Our study has some shortcomings. Firstly, the question emerges whether it is necessary to decellularize tissue for ACL tissue engineering at all. Disease transmission with ACL allografts seems almost negligible,43
and studies have suggested that enzymatic removal of cell surface epitopes reduces immunogenicity of xenografts.44
However, as mentioned above, it has been shown that the presence of intrinsic cells, and their necrosis after graft harvest and implantation, can delay host cell infiltration and affect ligamentization.34,35,45
Although the specifics of donor–host cell interaction, both beneficial and detrimental, remain widely unknown, it is rather unlikely that the implantation of allogenic or even xenogenic cells will have any benefit to the host. Future studies comparing these methodologically different, yet technically equivalent, methods such as decellularization or epitope removal will be needed to definitively answer this question. Secondly, there is currently no reason to choose xenogenic over allogenic tissue for ACL tissue engineering other than availability. However, a xenogenic material is more easily and abundantly available, which would prove most valuable in a clinical application. Also, it is likely that the findings obtained from porcine tissue are also valid for human ACL. Lastly, there might be additional confounding factors we did not include in our analysis, yet the fairly narrow confidence intervals and findings consistent with the literature support the precision and validity of our findings, while the size of our sample discourages further sub-grouping.46
In summary, given the lack of prior comparative studies, the character of our study is more hypothesis-building in nature than hypothesis-testing.

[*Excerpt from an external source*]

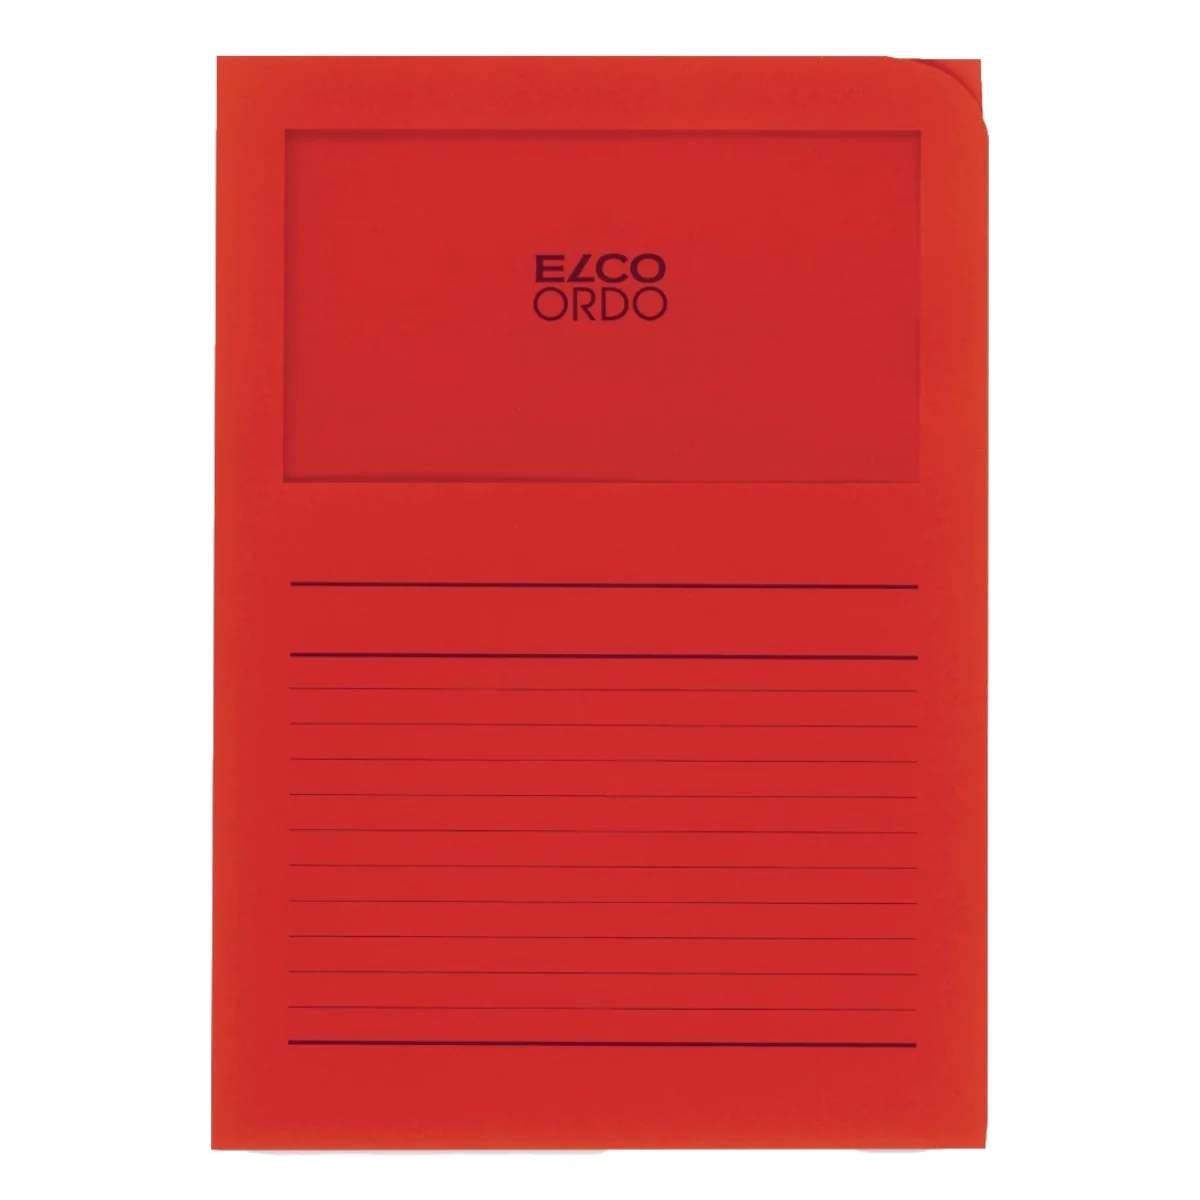 Ordo Classico Elco Switzerland suitable for needs at home and in the office Paper file folder, 120 gsm, 220 x 310 mm. 180 x 100 mm window Inkjet compatible ELCO Ordo 5/pack Red 29489-92stationery shops in dubai mall office supply uae cute stationery online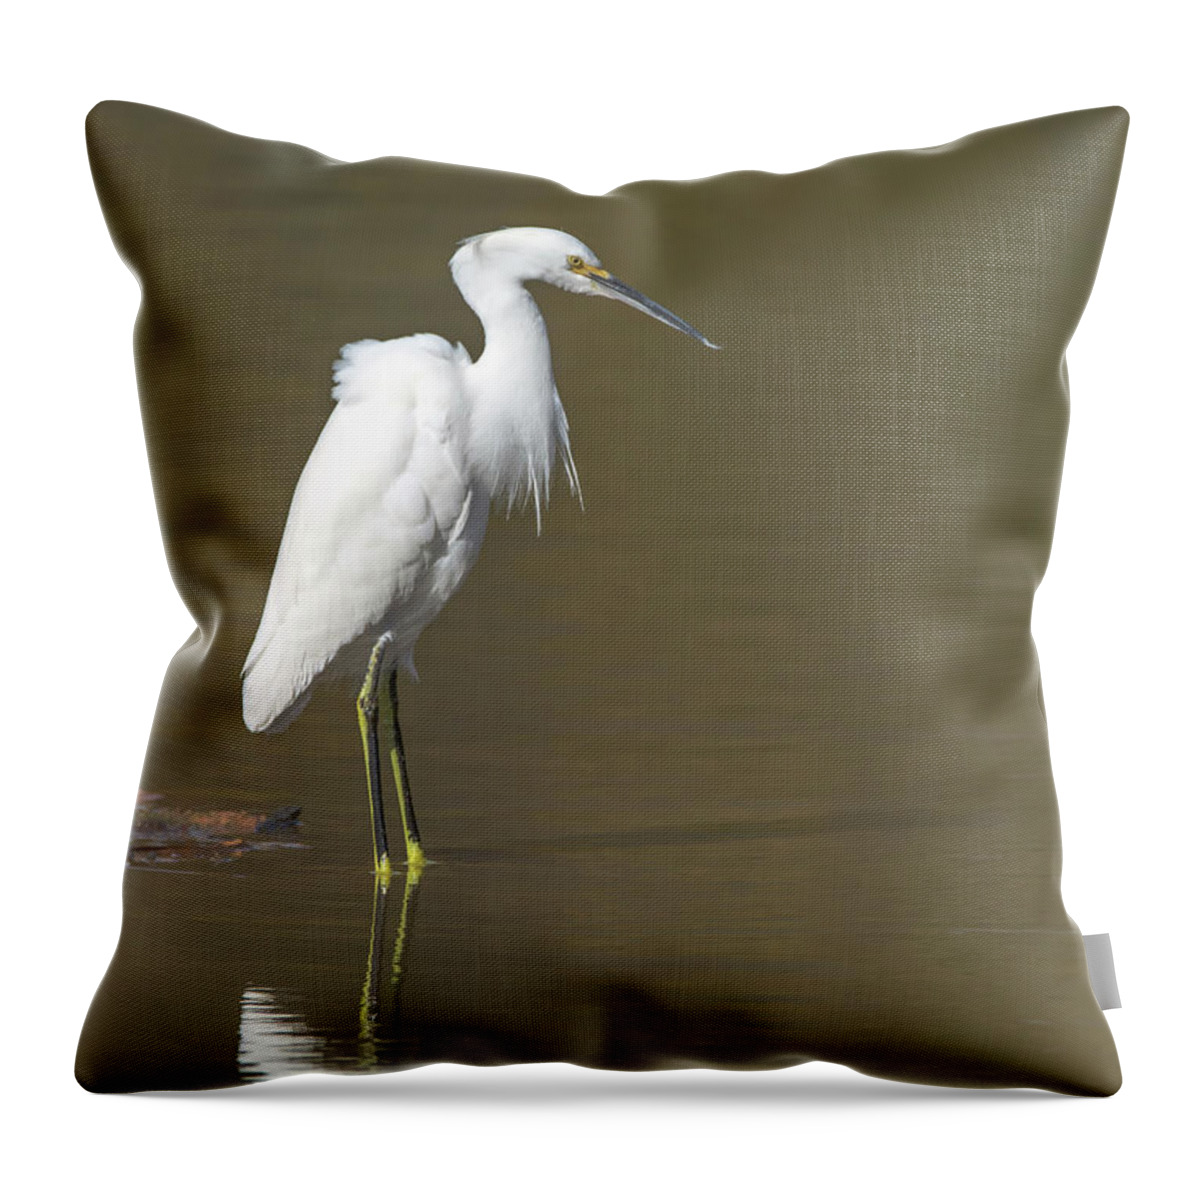 Snowy Throw Pillow featuring the photograph Snowy Egret #89 by Tam Ryan

In conclusion, our findings commend decellularization with TRITON-X over the use of SDS or trypsin, measured by effectiveness of cell removal and minimization of biochemical alterations. Also, porcine ACL tissue decellularized with TRITON -X can be successfully reseeded with human fibroblasts, which produce procollagen in increasing quantities. Future studies addressing the in vivo efficacy of decellularized ACL and other available scaffolds would be of great interest.